### EXERCISE DETAILS
Return each line below exactly as it reads, and omit any image in it.

### AVAILABLE DATA
== == ==

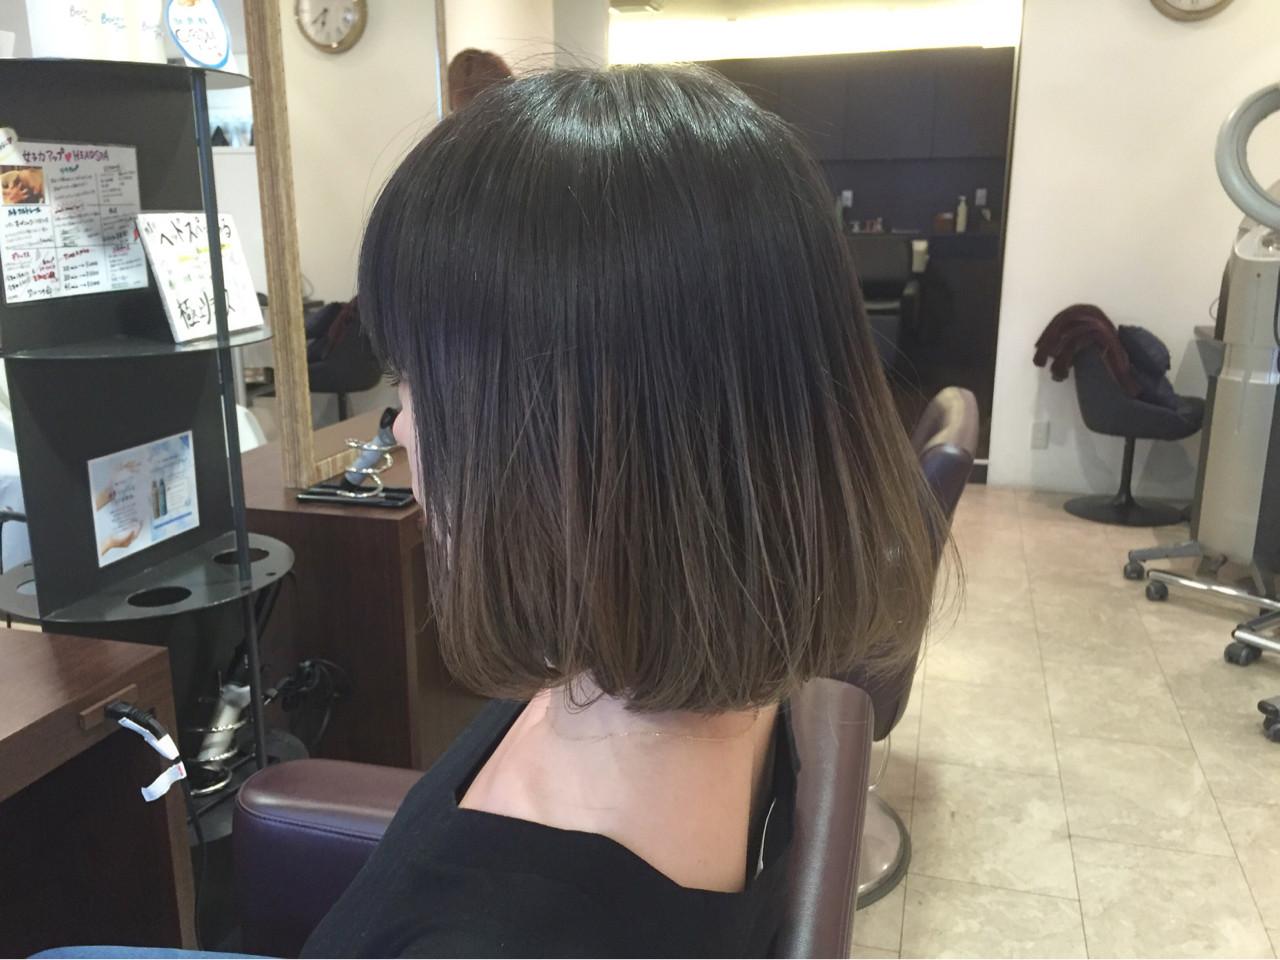 ボブ 暗髪 グラデーションカラー モード ヘアスタイルや髪型の写真・画像
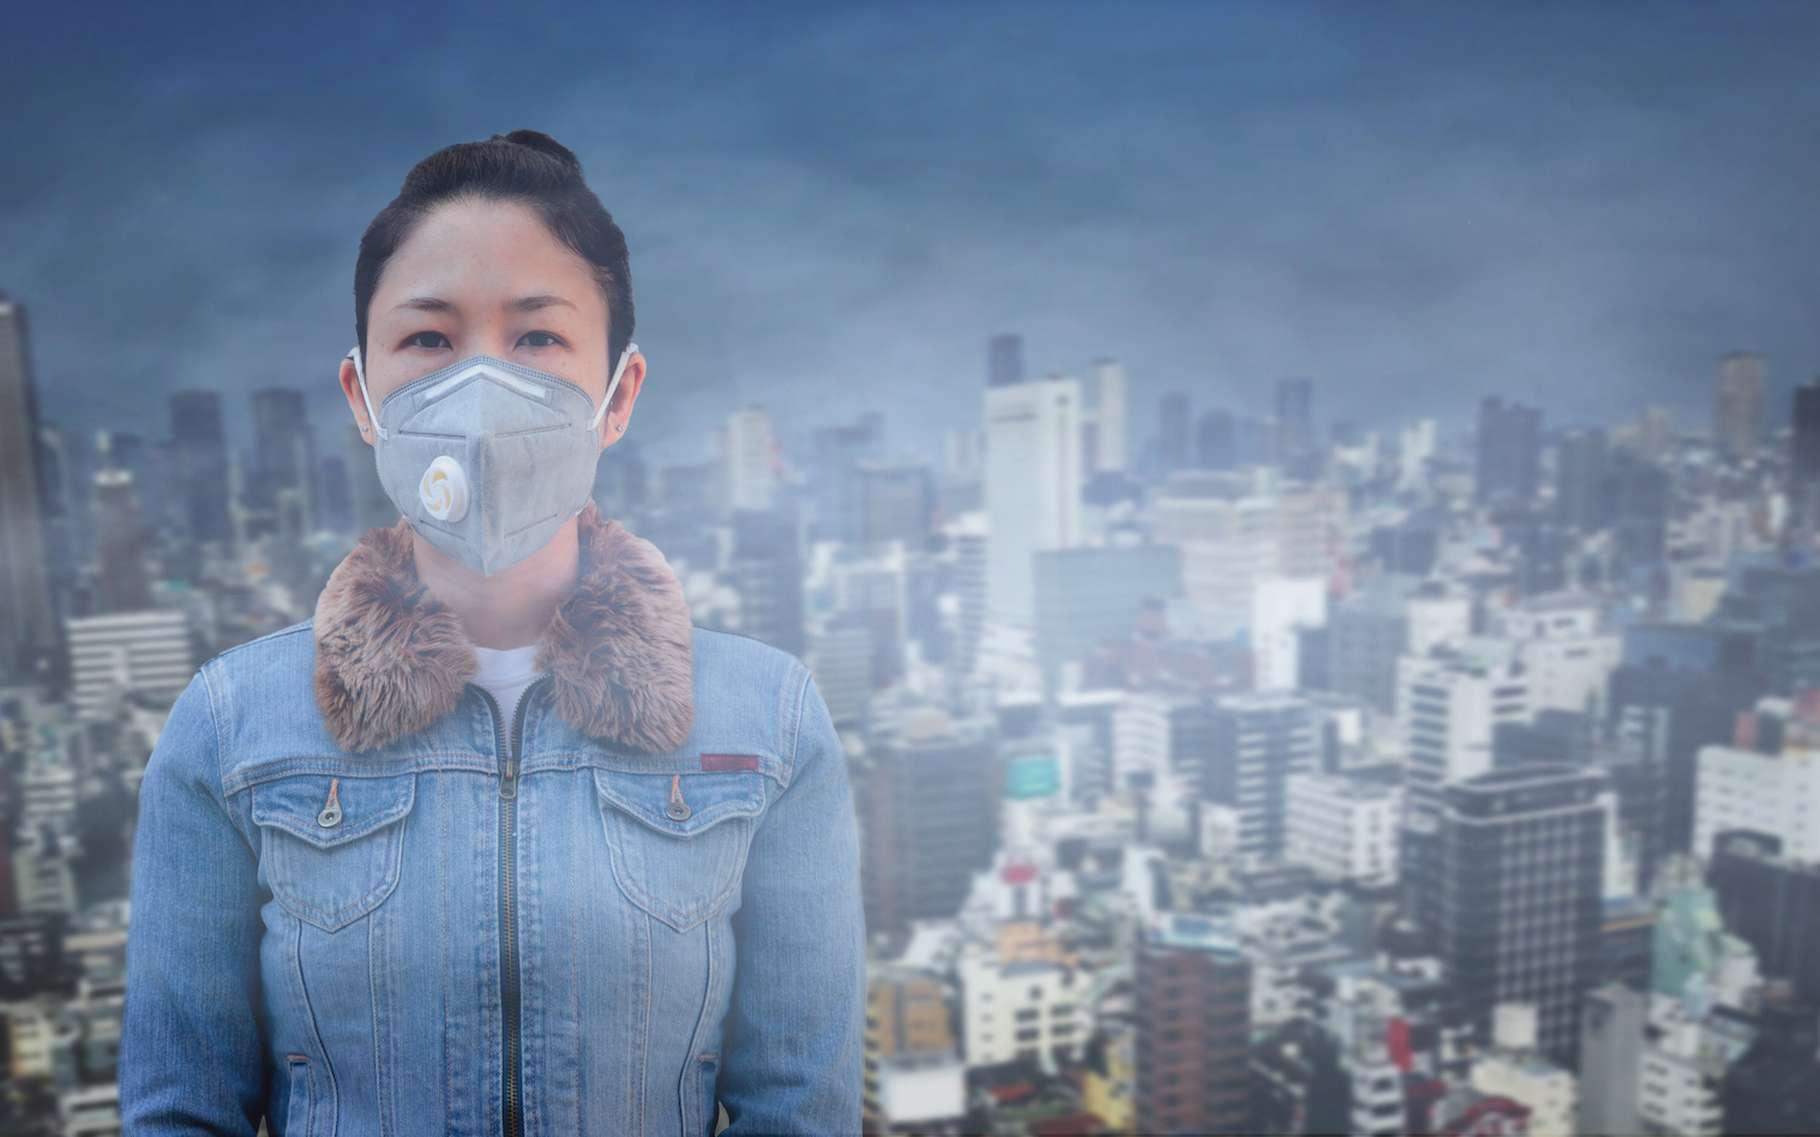 La pollution de l'air responsable de fausses couches silencieuses
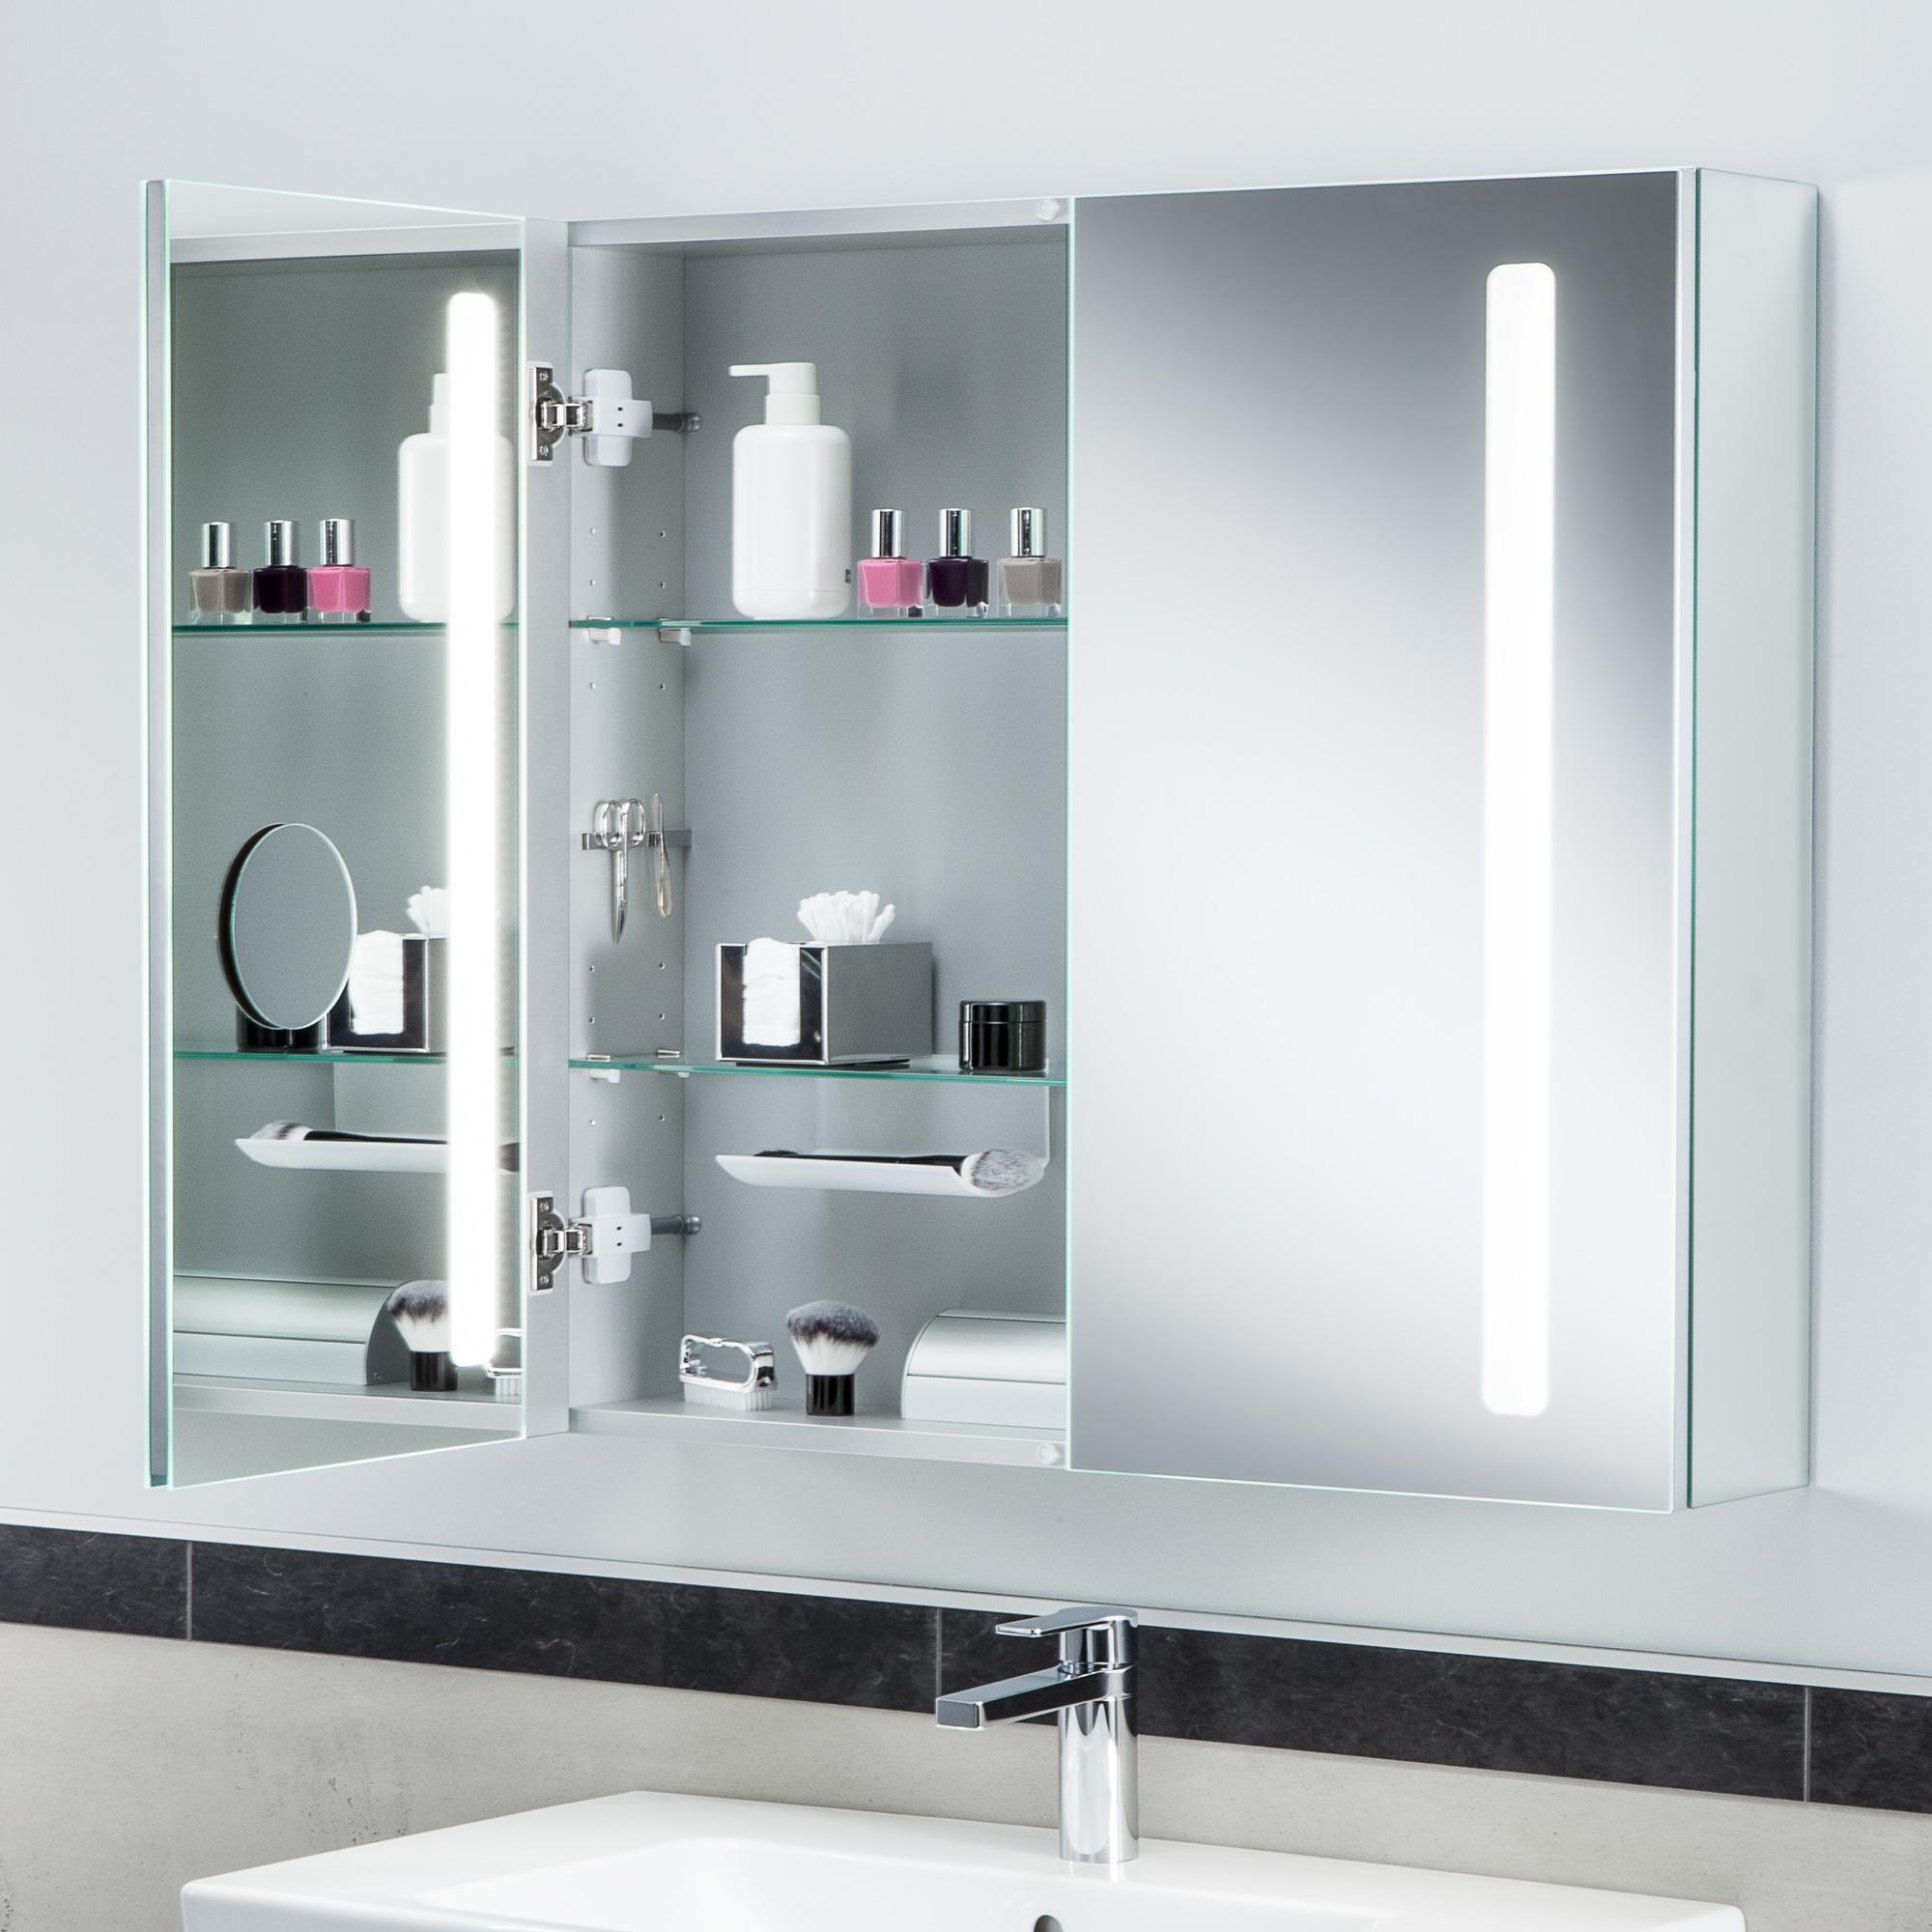 Villeroy boch my view 14 spiegelschrank mit led for Spiegelschrank 110 cm breit

== == ==

### WRITTEN SOLUTION
 ボブ 暗髪 グラデーションカラー モード ヘアスタイルや髪型の写真・画像
 La pollution de l'air responsable de fausses couches silencieuses
 Villeroy boch my view 14 spiegelschrank mit led for Spiegelschrank 110 cm breit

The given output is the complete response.